Качественно нового стиля требовали не только красоты рая, но и ужасы преисподней: предельная материальность ада не может быть изображена только с помощью вульгарных просторечий, которыми широко пользовались поэты комического стиля. «Божественная Комедия» должна была быть написана новым поэтическим языком, лишь едва намеченным в прозе и стихах «Новой жизни» и «Пира». Гармония, достигнутая в прозометрии «Новой жизни», автора «Комедии» удовлетворить, естественно, не могла: цели поэзии стали несоизмеримо огромнее. В «Новой жизни» субъектом гармонии было лишь «честное сердце» поэта. В «Комедии» Данте обращался ко всему человечеству, стремясь показать его вечное состояние через нравственный опыт одного, но целостного человека, взятого в его всеобщности. Стилевые различия между тремя частями дантовской поэмы объясняются не только тем, что в них изображены разные меры греха, покоя, блаженства, но и тем, что поэзией становятся разные свойства человека, его духовной жизни. Истинный сюжет «Комедии» составляет приобщение человечества к мировой гармонии через преодоление всего того, что связано с греховностью, безобразием и общественным и политическим хаосом земного, материального мира. Раскрытию этого сюжета подчинен план и художественный стиль «Комедии», начиная от архитектоники «Ада» и кончая тем языком музыки и света, которым выписан «Рай». В поэме много строк, которые позволяют читателю отождествлять изображенного в ней человека с личностью реально-исторического Данте, написавшего «Новую жизнь», любившего Беатриче, дружившего с Форезе Донати, неустанно трудившегося на благо Флоренции, а затем изгнанного из нее политическими врагами. Величайшая политическая смелость Данте состояла не только в том, что он приписал господу богу собственные общественные идеалы и политические антипатии (этим грешили многие средневековые пророки и проповедники), — гораздо более дерзновенной была его уверенность в том, что трансцендентная гармония полностью соответствует его личным представлениям о прекрасном, добром и справедливом. Личность Данте, героя и повествователя, обеспечивает органическое единство как композиции и распределения сюжетного материала поэмы, так и ее языка и слога, т. е. всего ее художественного стиля.
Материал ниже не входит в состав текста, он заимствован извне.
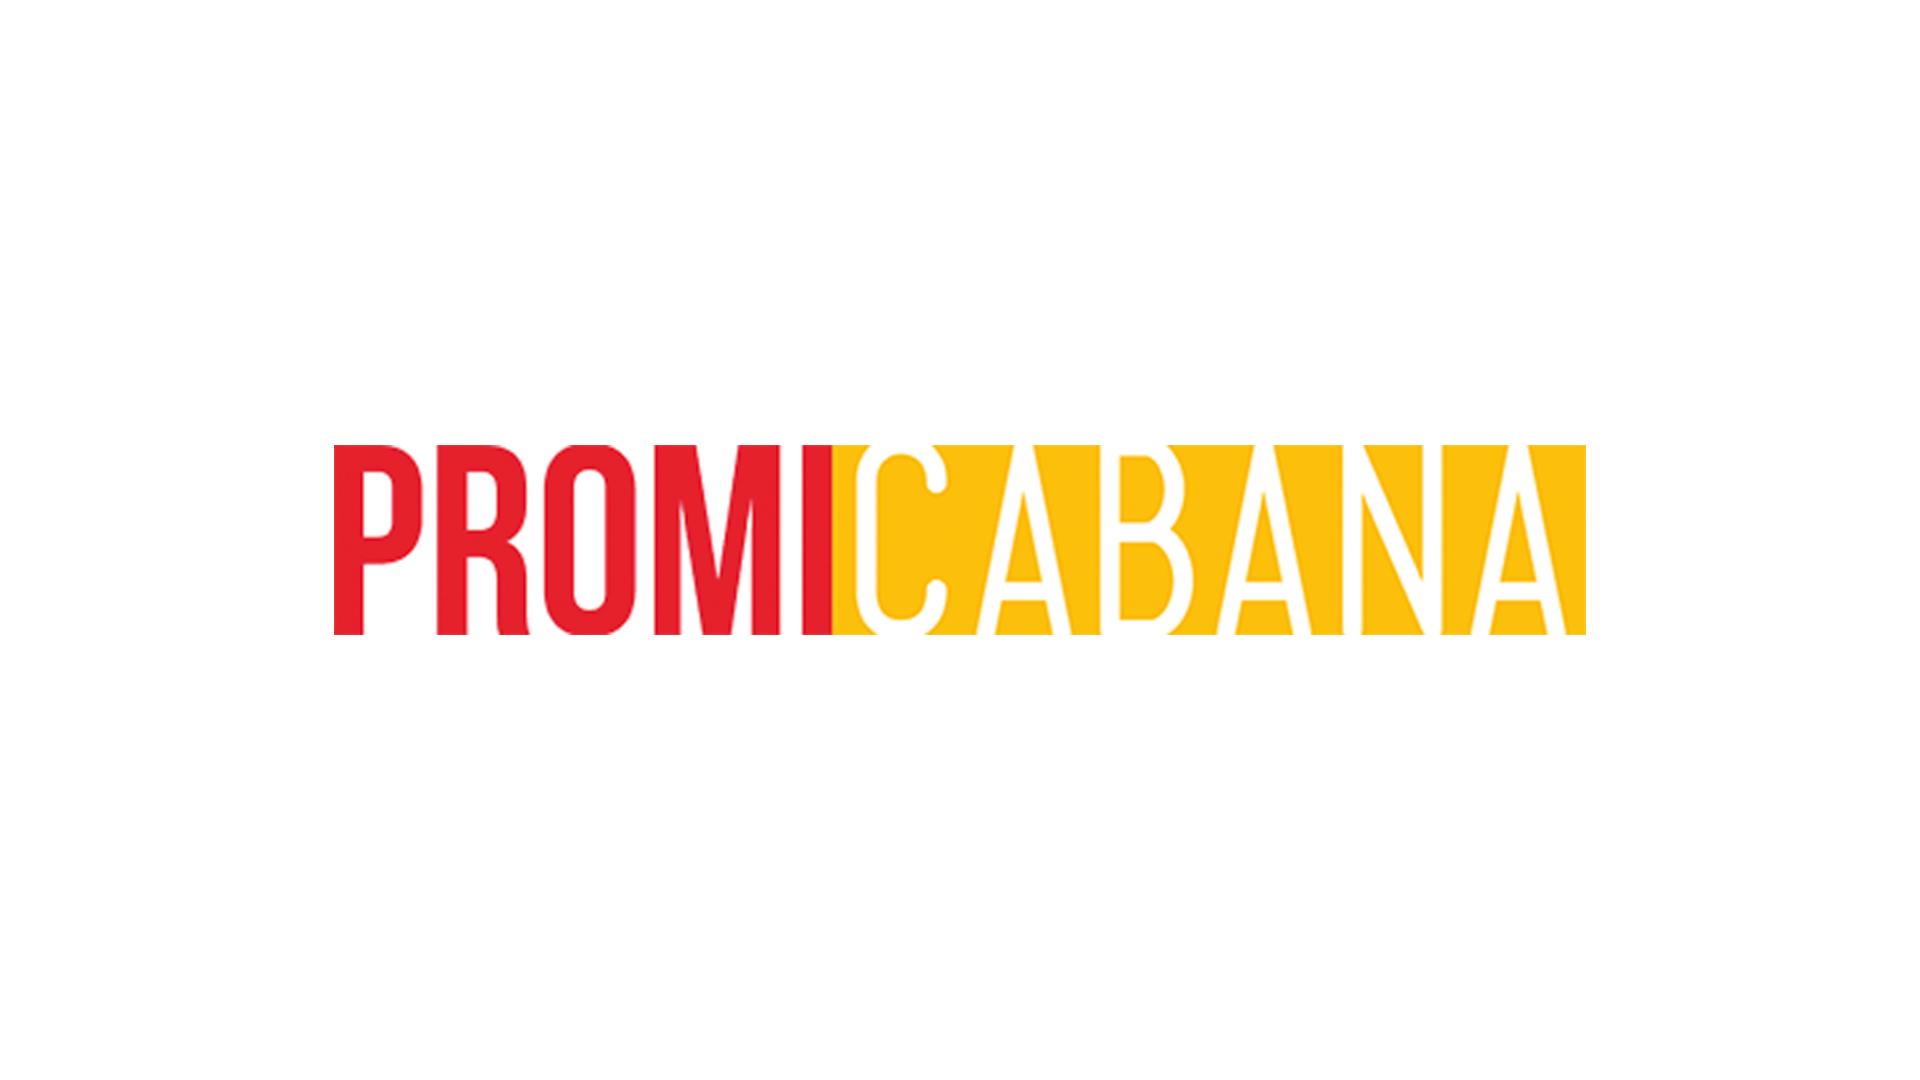 Casey-Neistat-Youtube-Rewind-2017

Единство «Комедии» заметно представлено в геометрической пропорциональности ее построения и в той роли, какую играет в ней символика чисел. Тут внутренняя соразмерность выступает на поверхность формы и вполне соответствует традиционным представлениям о гармонии. Стремление подчинить прекрасное законам геометрии заметно в «Декамероне», и Альберти ищет математические формулы красоты. В «Комедии» математика несет на себе отпечаток творческой индивидуальности художника. Данте был не великим геометром, а гениальным поэтом. Это имел в виду Пушкин, отмечая: «Единый план Ада уже есть плод высокого гения».
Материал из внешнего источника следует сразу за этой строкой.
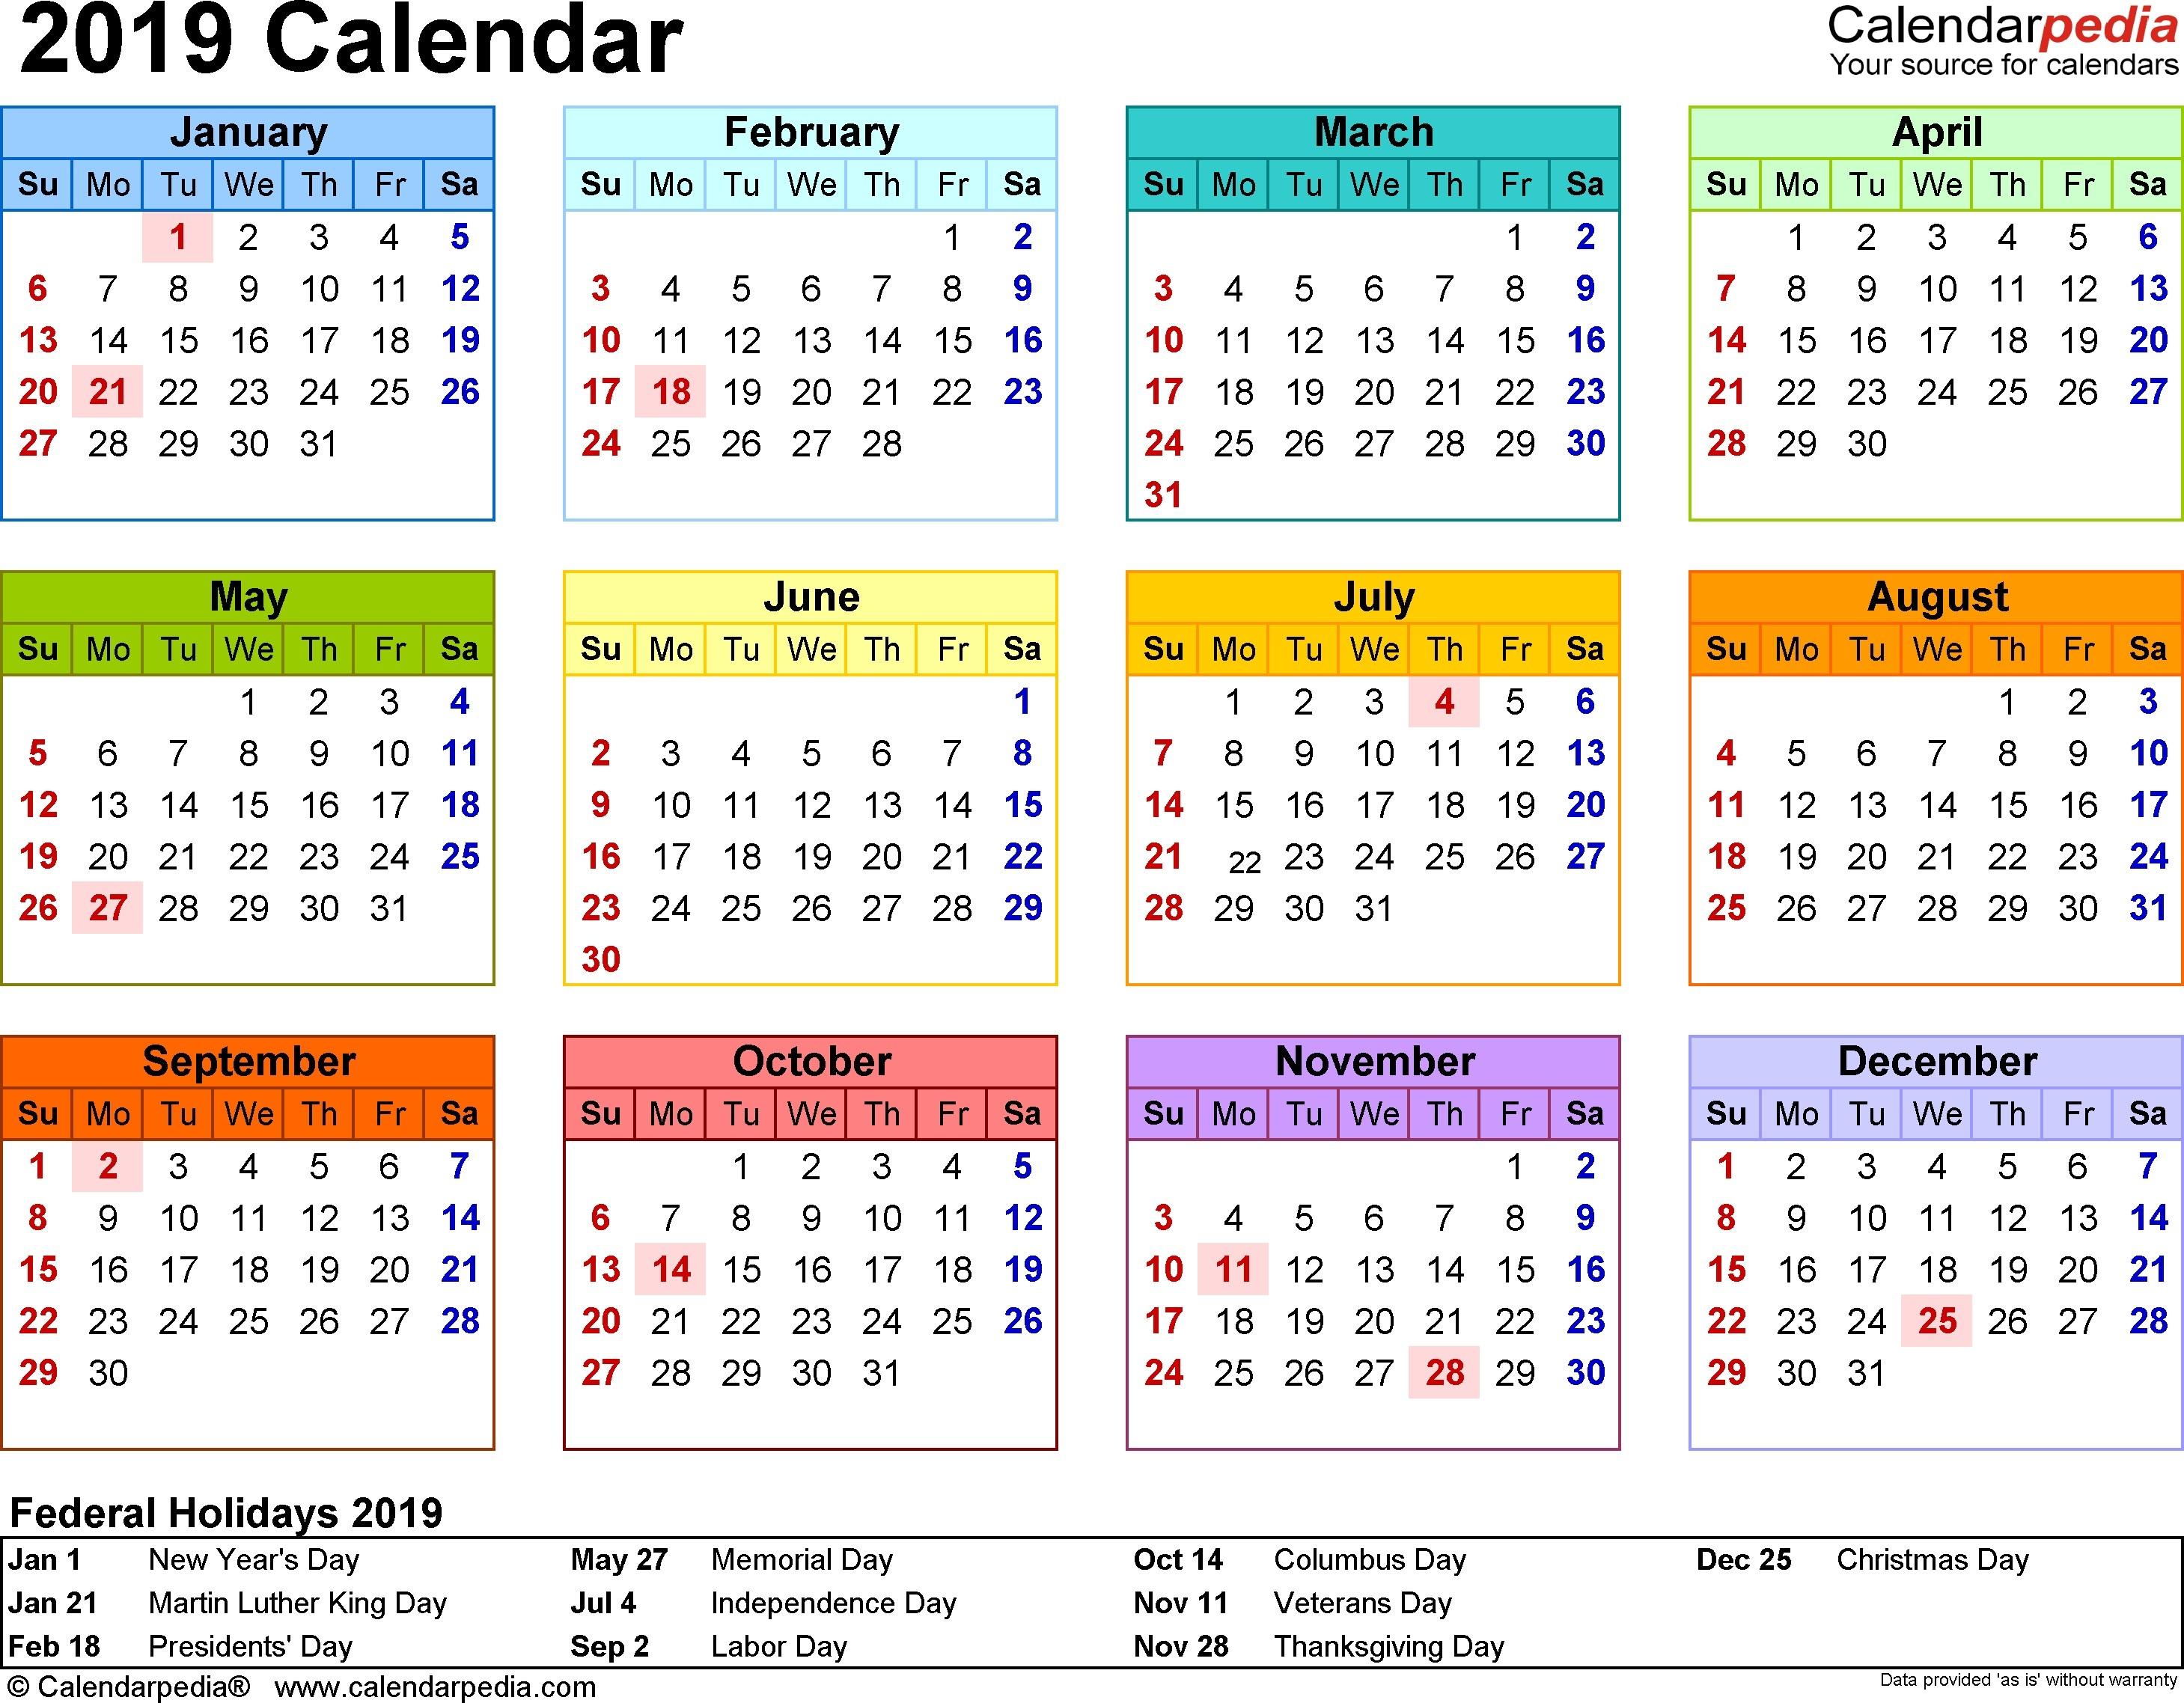 July 5Th 2019 Julian Date | Calendar Template  Julian Date For August 24

В наибольшей мере гениальное единство «Божественной Комедии» проявилось в новаторстве ее художественного стиля. Тех четких границ, которые разделяли трагический и комический стили в позднесредневековой, готической поэзии, в «Комедии» уже не существует, хотя рай, чистилище и ад изображены разными красками и по-разному «оркестрованы». Границы здесь размыты не столько потому, что в поэме Данте полнее, нежели в канцоньере Рустико ди Филиппо, реализована целостность предвозрожденческой стилевой системы, сколько благодаря введению в нее субъективного, собственно дантовского начала. Легче всего это показать на примерах из «Ада», потому что они соотносятся с тем средневековым комическим стилем, к которому Данте примкнул в тенцоне с Форезе Донати.
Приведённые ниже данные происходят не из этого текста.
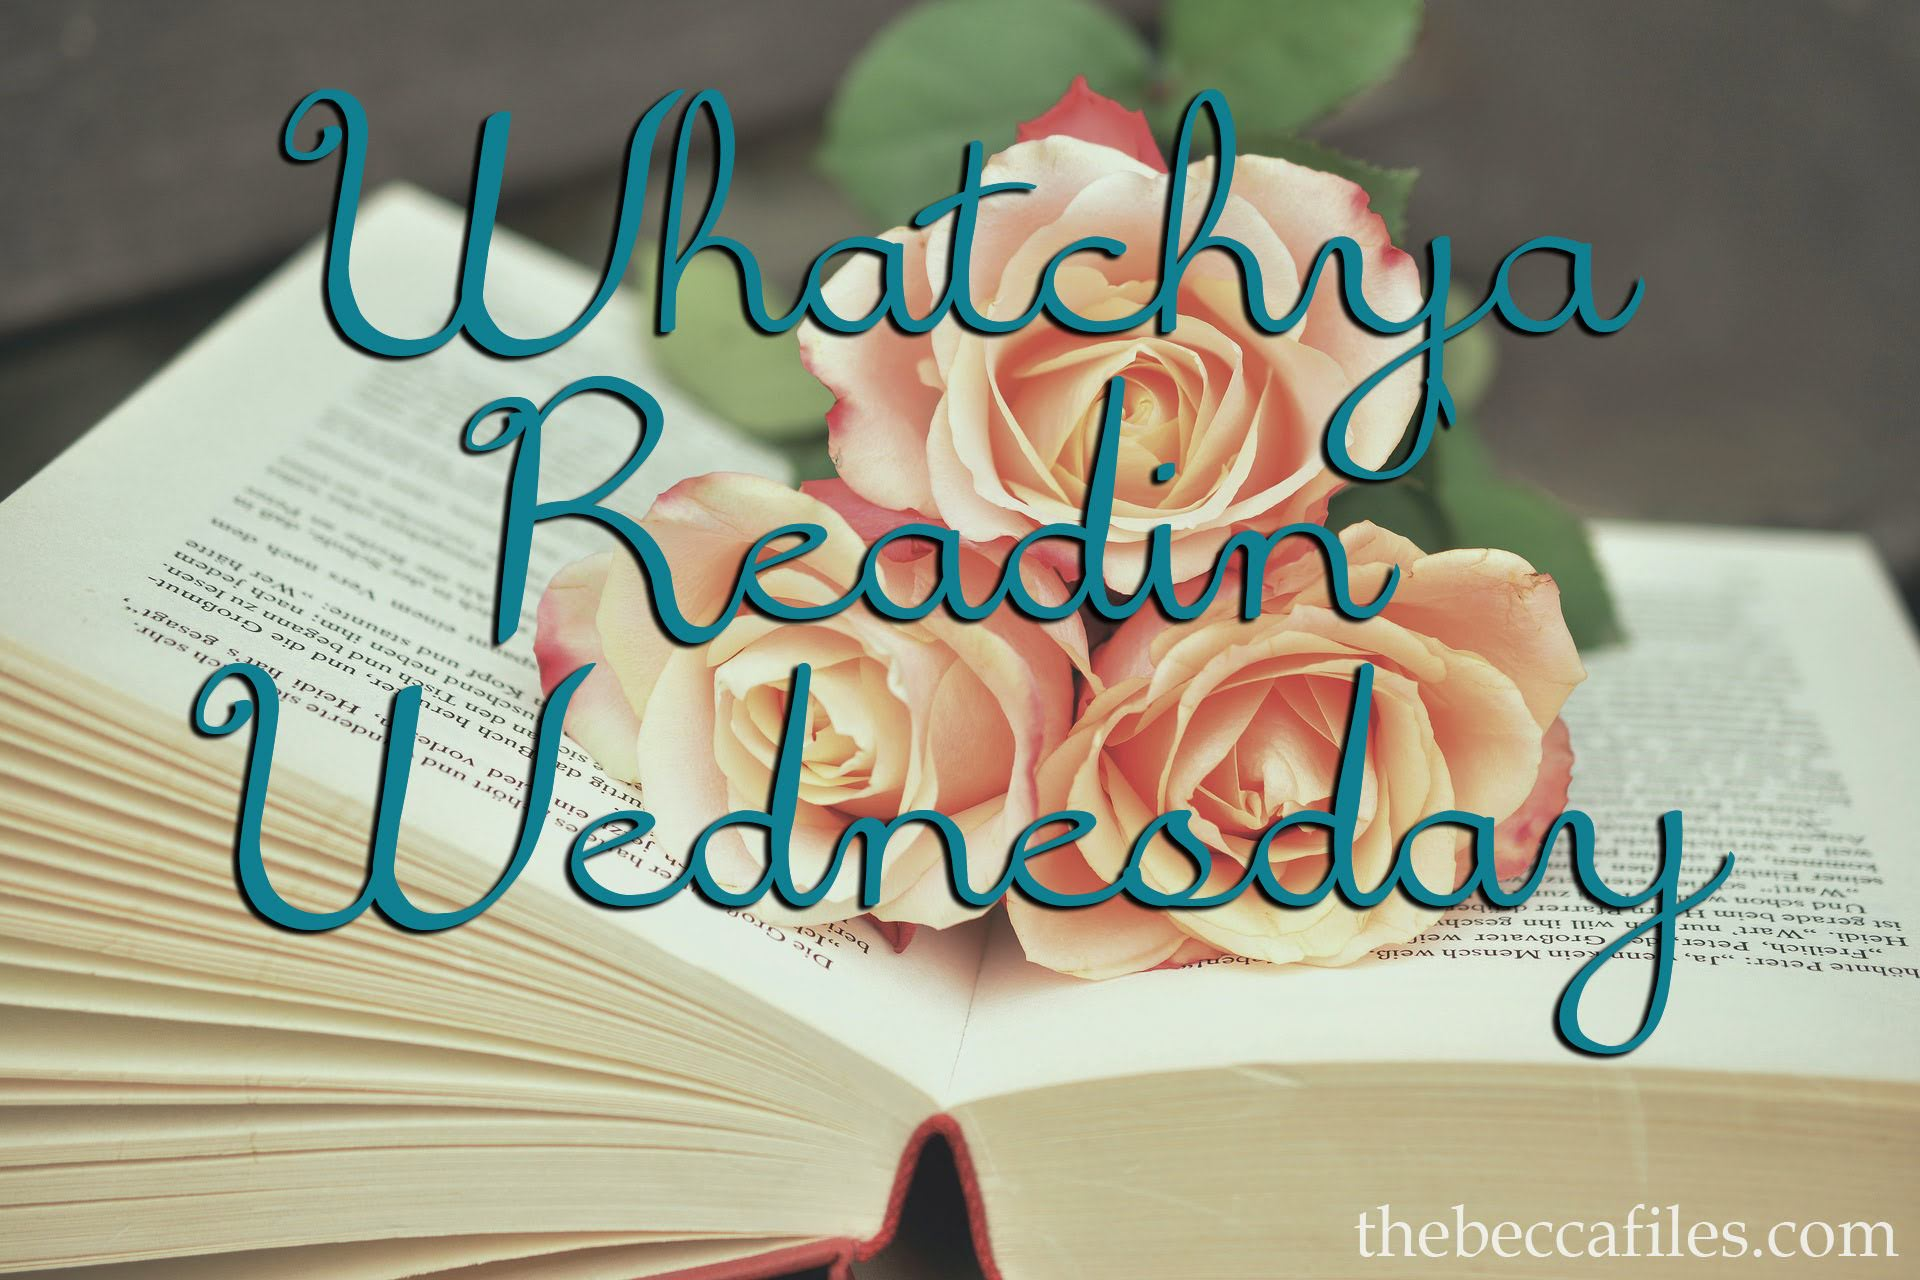 whatchya-readin-weds-2

Спуск в ад — это, как уже говорилось, спуск в царство бездуховной материи, лежащей много ниже материальности обыденной жизни. Чем ближе в «Комедии» к Сатане, тем менее человечными становятся грешники. Это было хорошо подмечено Фр. Де Санктисом: «Человеческий облик исчезает: вместо него — карикатура, непристойно исковерканные тела... В этом прозаическом и плебейском мире, начинающемся с Фаиды и кончающемся мастером Адамо, материя или животное превалирует настолько, что часто напрашивается вопрос: кто же это — люди или животные? Человеческое и животное начала в них перемешаны, и самая глубокая идея, заложенная в „злых щелях“, состоит как раз в этом перевоплощении человека в животное и животного в человека...».